▸ Task requirements: What you return should match the listing exactly, minus its images.

▸ Exercise data:
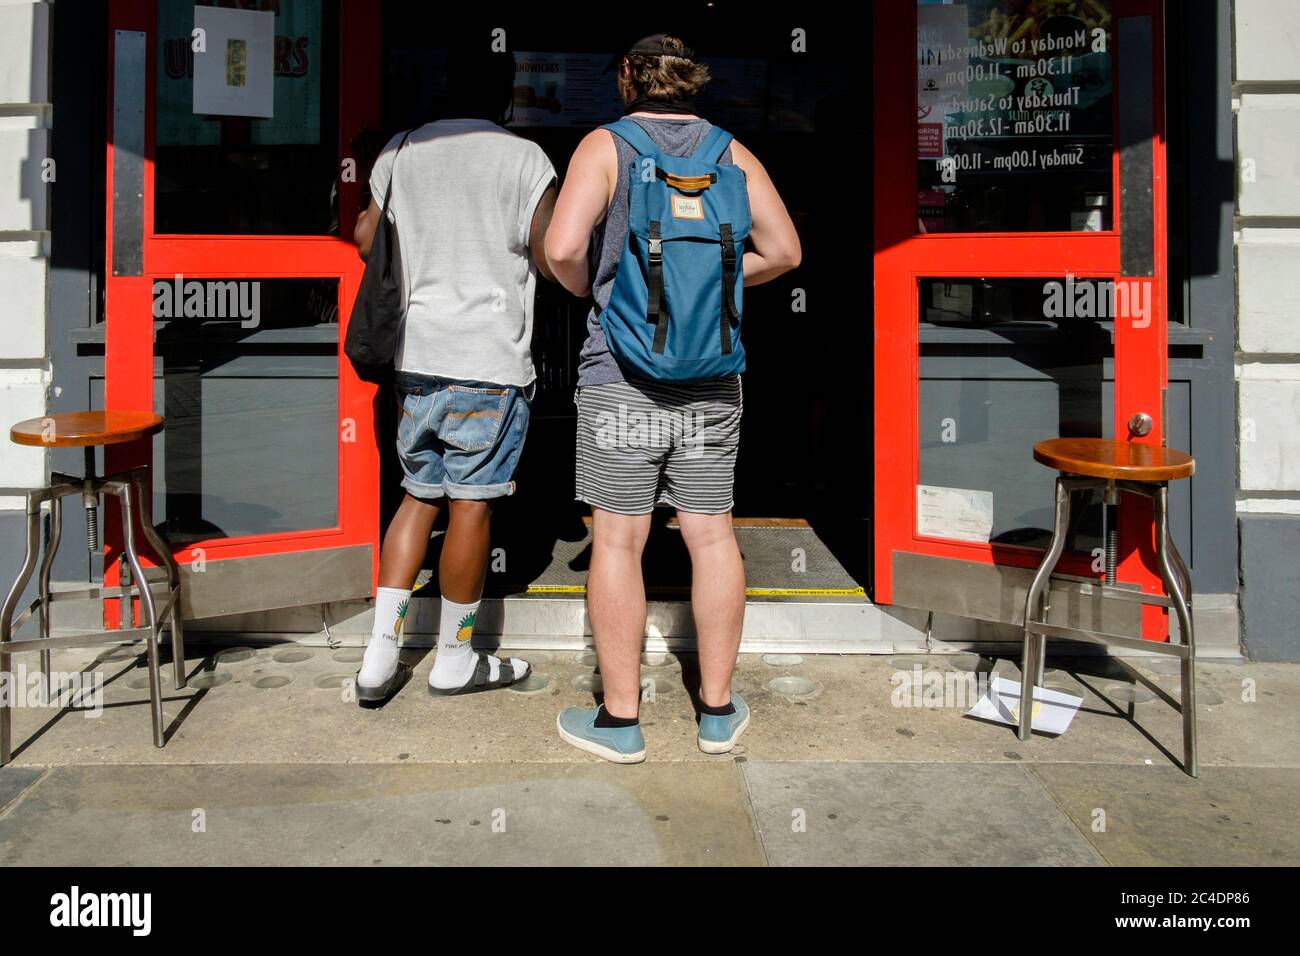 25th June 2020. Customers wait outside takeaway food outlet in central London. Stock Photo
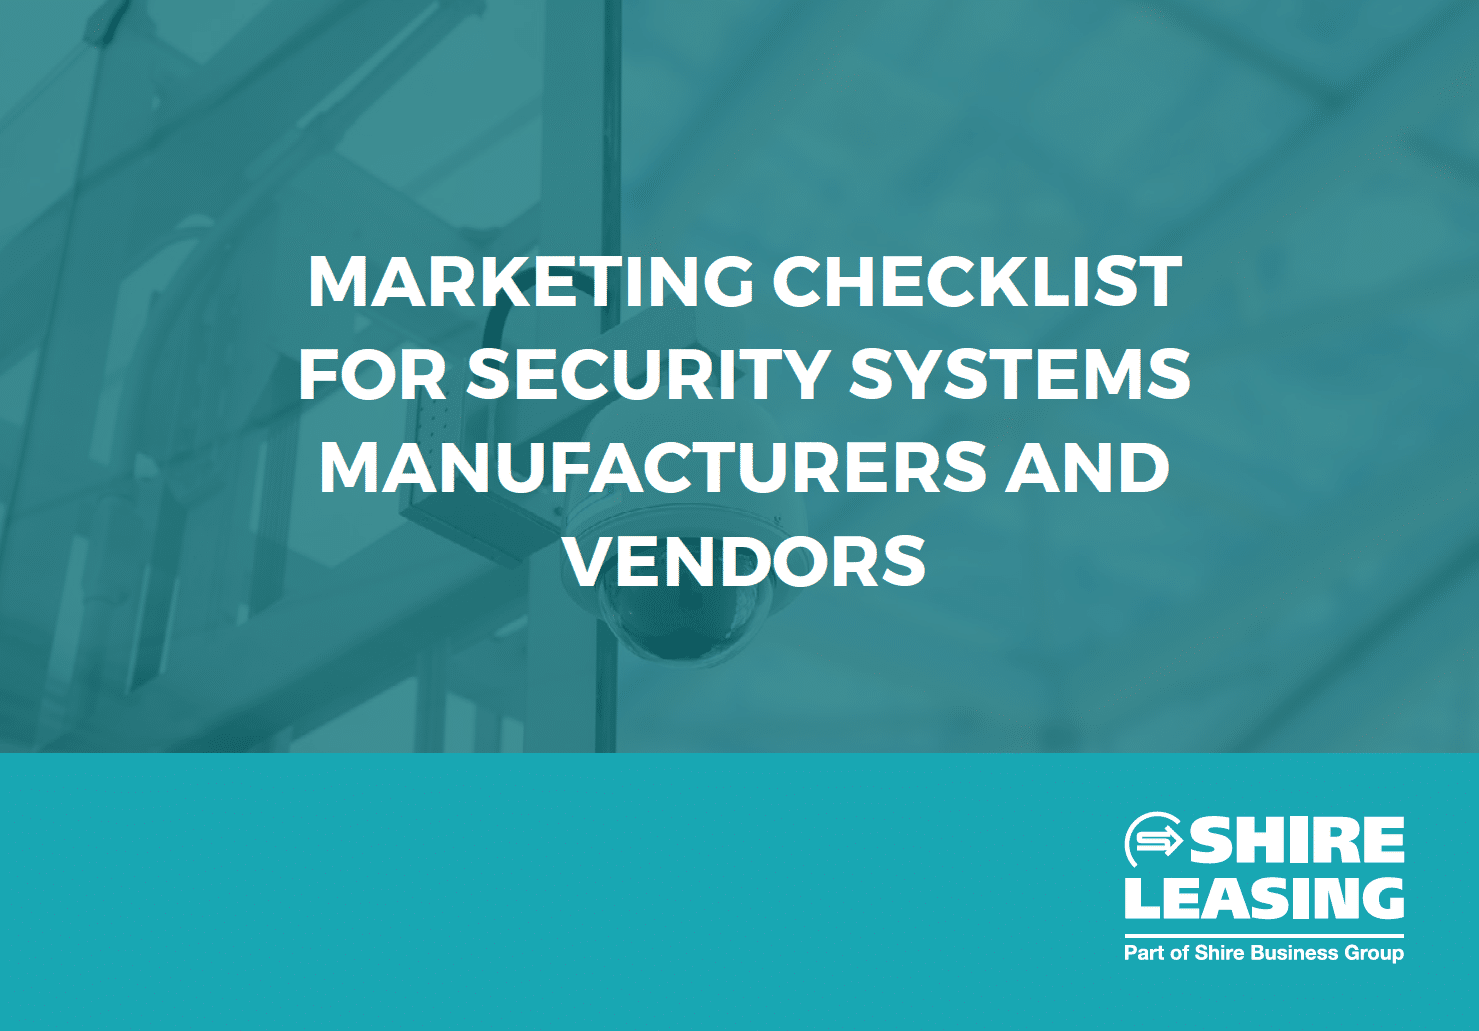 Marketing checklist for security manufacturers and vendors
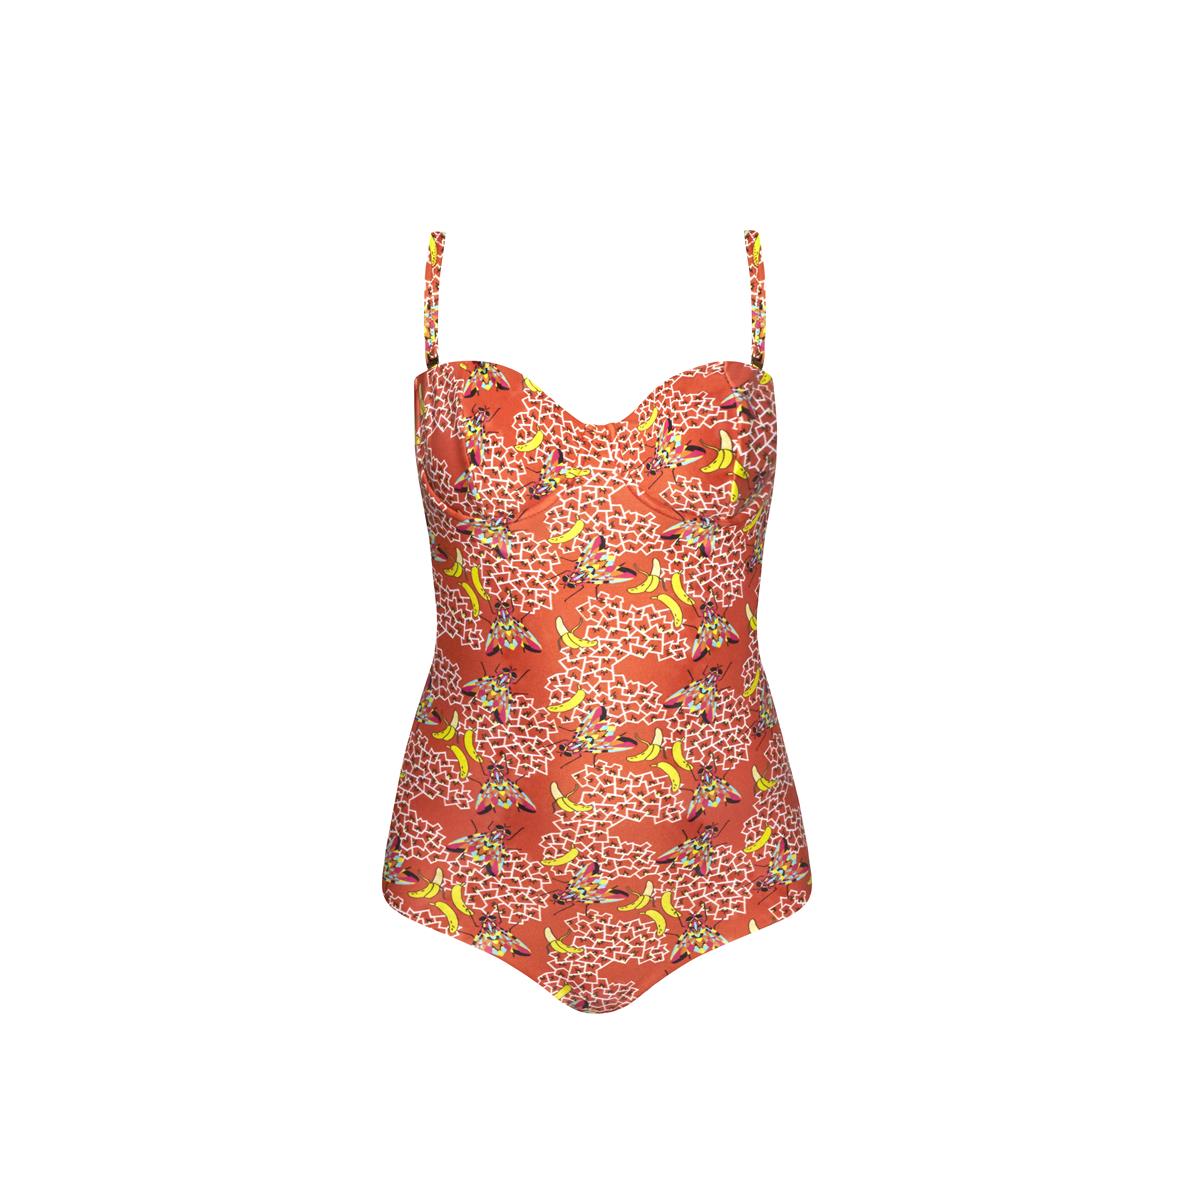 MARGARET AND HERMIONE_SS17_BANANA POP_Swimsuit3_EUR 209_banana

▸ Exercise solution:
 25th June 2020. Customers wait outside takeaway food outlet in central London. Stock Photo
 Marketing checklist for security manufacturers and vendors
 MARGARET AND HERMIONE_SS17_BANANA POP_Swimsuit3_EUR 209_banana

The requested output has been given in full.